A space aircraft is launched straight up.The aircraft motor provides a constant acceleration for 10 seconds,then the motor stops.The aircraft's altitude 15 seconds after launch is 2 km.ignore air friction .what is the acceleration,maximum speed reached in km/h and the speed(in km/h)of the aircraft as it passes through a cloud 4 km above the ground.
A vertical distance covered for t₁=10 s of accelerated motion
is h₁=at₁²/2. The speed at this height is v₁=at₁.
The distance covered at decelerated motion during t₂=15- t₁=15-10=5 s
is h₂=v₁t₂-gt₂²/2.
H= 2000 m
H=h₁+h₂=at₁²/2 + v₁t₂ - gt₂²/2=
=at₁²/2 + at₁t₂ - gt₂²/2.
a(t₁² +2 t₁t₂) =2H+ gt₂²
If g=10 m/s²,
a={2H+ gt₂²}/(t₁² +2 t₁t₂)=
={4000+10•25}/(100+2•10•5)=21.25 m/s²
Max velocity is v₁=at₁=21.25•10=212.5 m/s=765 km/h
The aircraft covered the distance h₁=at₁²/2 =21.25•10²/2 =1062.5 m at accelerated motion and the distance h₃=4000- h₁=4000-1062.5 =2937.5 m at decelerated motion. This motion takes the time t₃.
h₃=v₁t₃-gt₃²/2.
gt₃² -2 v₁t₃ +2h₃=0
Solve for t₃
v₃= v₁-gt₃=…
But for this given data, I’ve calculated the height h₀ at which the velocity becomes zero
0=v₁ -gt => t=v₁/g=212.5/10=21.25 s
h₀=v₁t-gt²/2=212.5•21.25 - 10•21.25²/2 = 2257.8 m. =>
The max height is h₁+h₀=1062.5+2257.8 =3320.3 m => Aircraft con’t reach the height 4000 m. Anyhow, try to check me on my math…
To find the answers, we can use the kinematic equations of motion.
1. To find the acceleration, we can use the equation:
Δy = V0t + (1/2)at^2
Here, Δy is the change in altitude, V0 is the initial velocity, t is the time, and a is the acceleration.
In this case, the change in altitude is 2 km and the time is 15 seconds. Since the motor accelerates the aircraft for the first 10 seconds, we can consider the time after the motor stops as 15 - 10 = 5 seconds.
Plugging the values into the equation, we get:
2 km = V0 * 15 s + (1/2) * a * (15 s)^2
Now, we need to solve for acceleration (a).
Rearranging the equation, we get:
a = [2 km - V0 * 15 s] / [(1/2) * (15 s)^2]
2. To find the maximum speed reached, we need to calculate the velocity at the end of the 10-second acceleration period.
We can use the equation:
V = V0 + at
Here, V is the final velocity.
The initial velocity, V0, is 0 km/h (since the aircraft starts from rest).
The acceleration, a, is calculated from the previous step.
The time, t, is 10 seconds (since the motor provides constant acceleration for 10 seconds).

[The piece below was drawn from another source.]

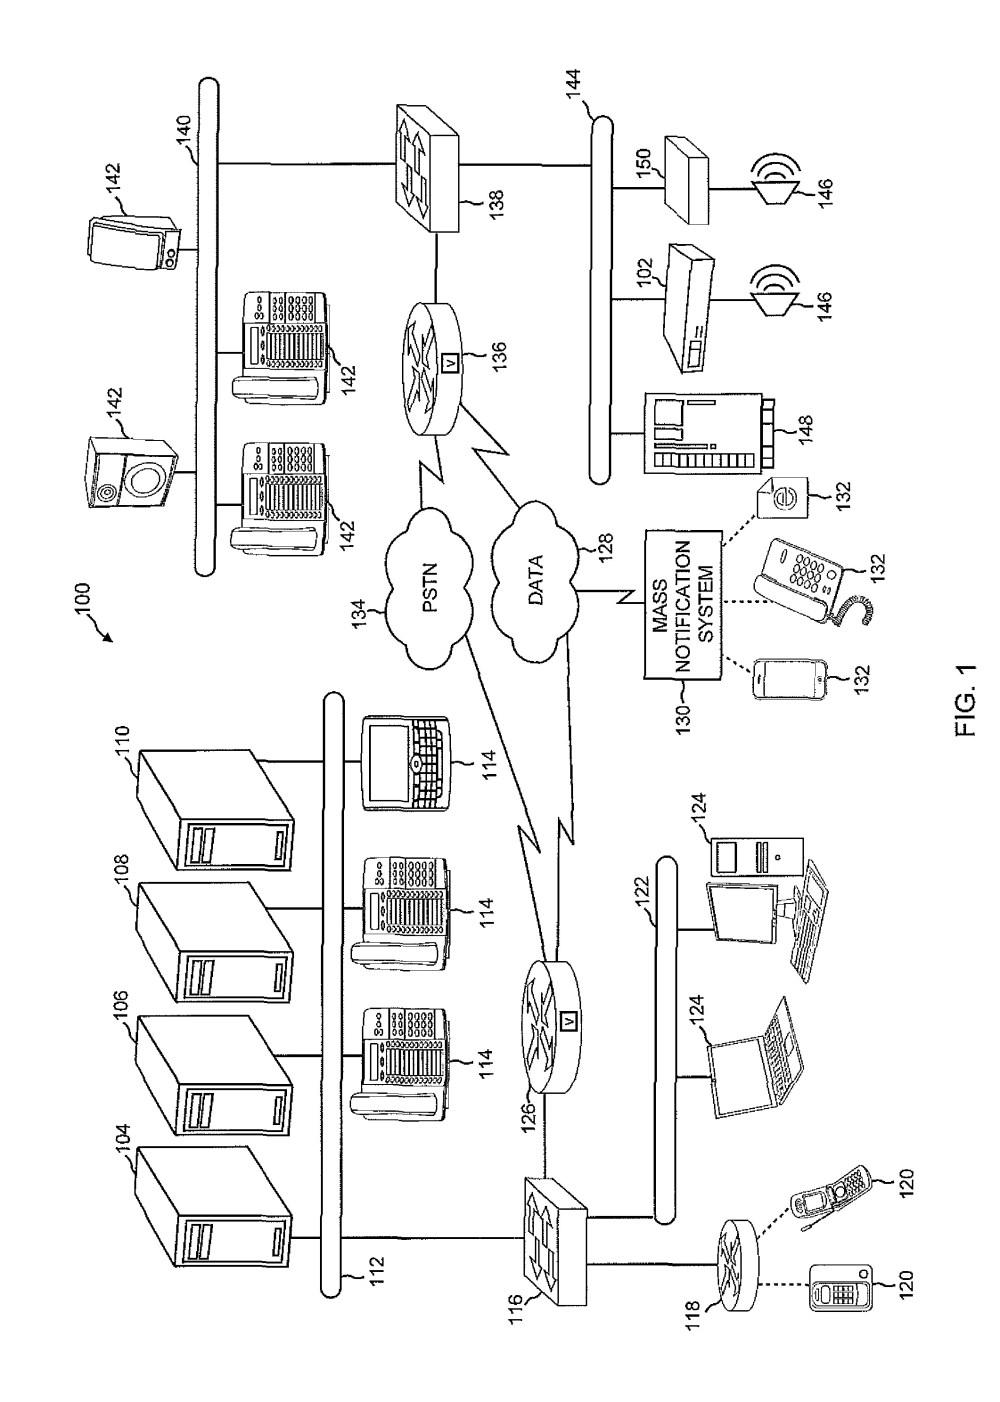 medium resolution of paging horn wiring diagram wiring diagrams scematic kleinn air horn wiring diagram paging horn wiring diagram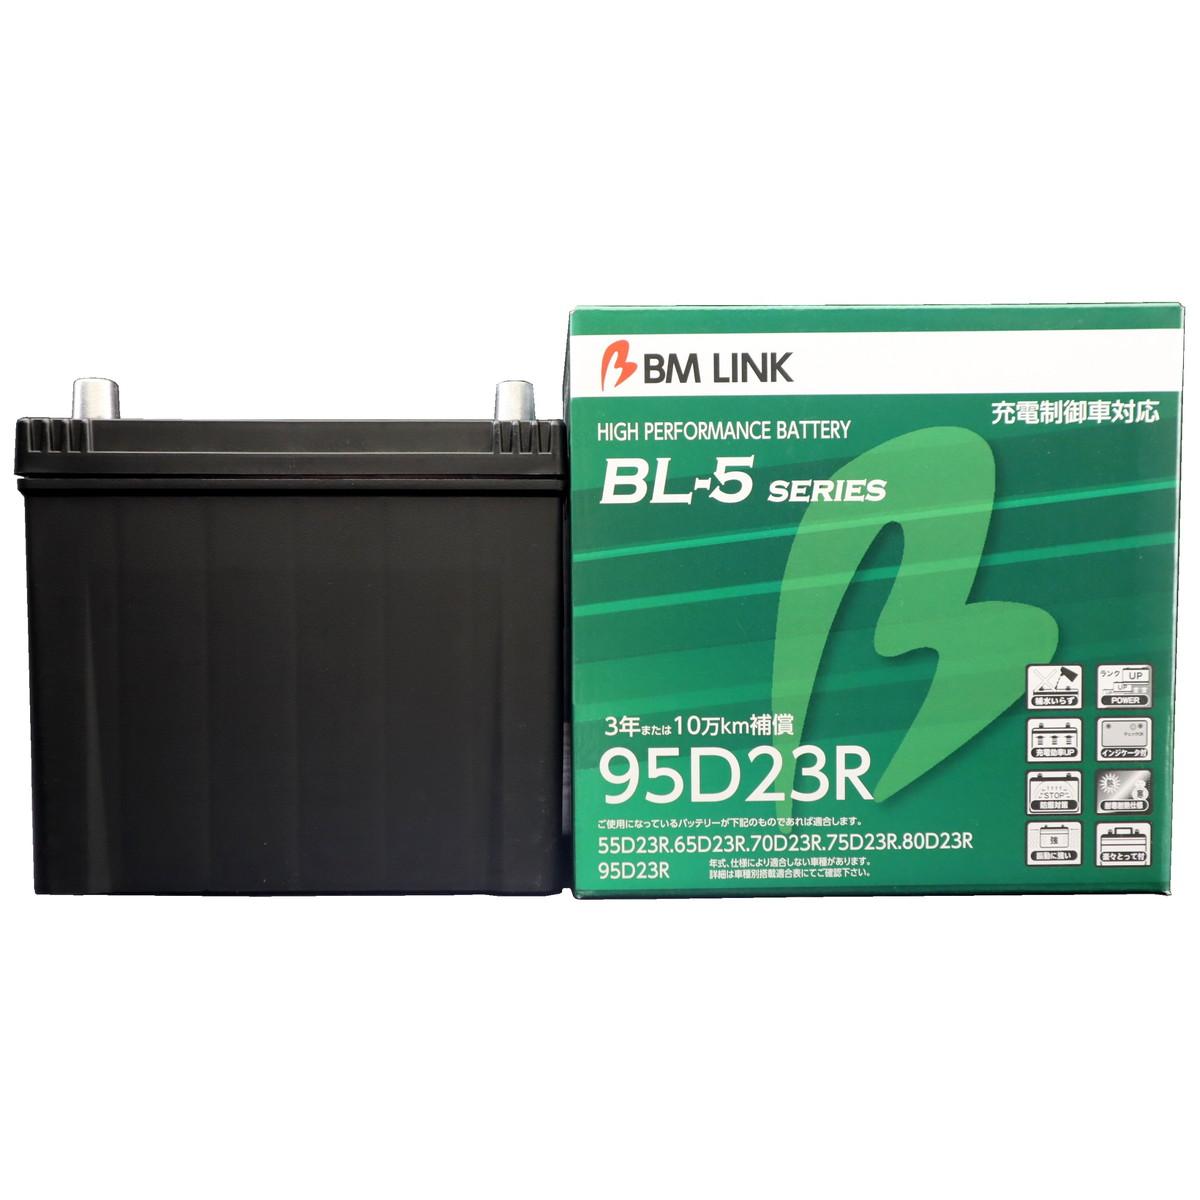 【エントリーでポイント7倍!!】BM LINK BL-5 Series 95D23R 自動車用充電制御車対応バッテリー BL-5シリーズ【3月1日 10:00~4月1日 09:59】

Plugging the values into the equation, we get:
V = 0 km/h + a * 10 s
3. To find the speed (in km/h) of the aircraft as it passes through a cloud 4 km above the ground, we can use the equation of motion:
V^2 = V0^2 + 2aΔy
Here, V is the final velocity, V0 is the initial velocity, a is the acceleration, and Δy is the change in altitude.
The change in altitude, Δy, is 4 km (since the cloud is 4 km above the ground).
The acceleration, a, is calculated from the first step.
Plugging the values into the equation, we get:
V^2 = 0 + 2a * 4 km
To calculate the values, we need the initial velocity (V0). It is not provided in the given question. Please provide the initial velocity of the aircraft.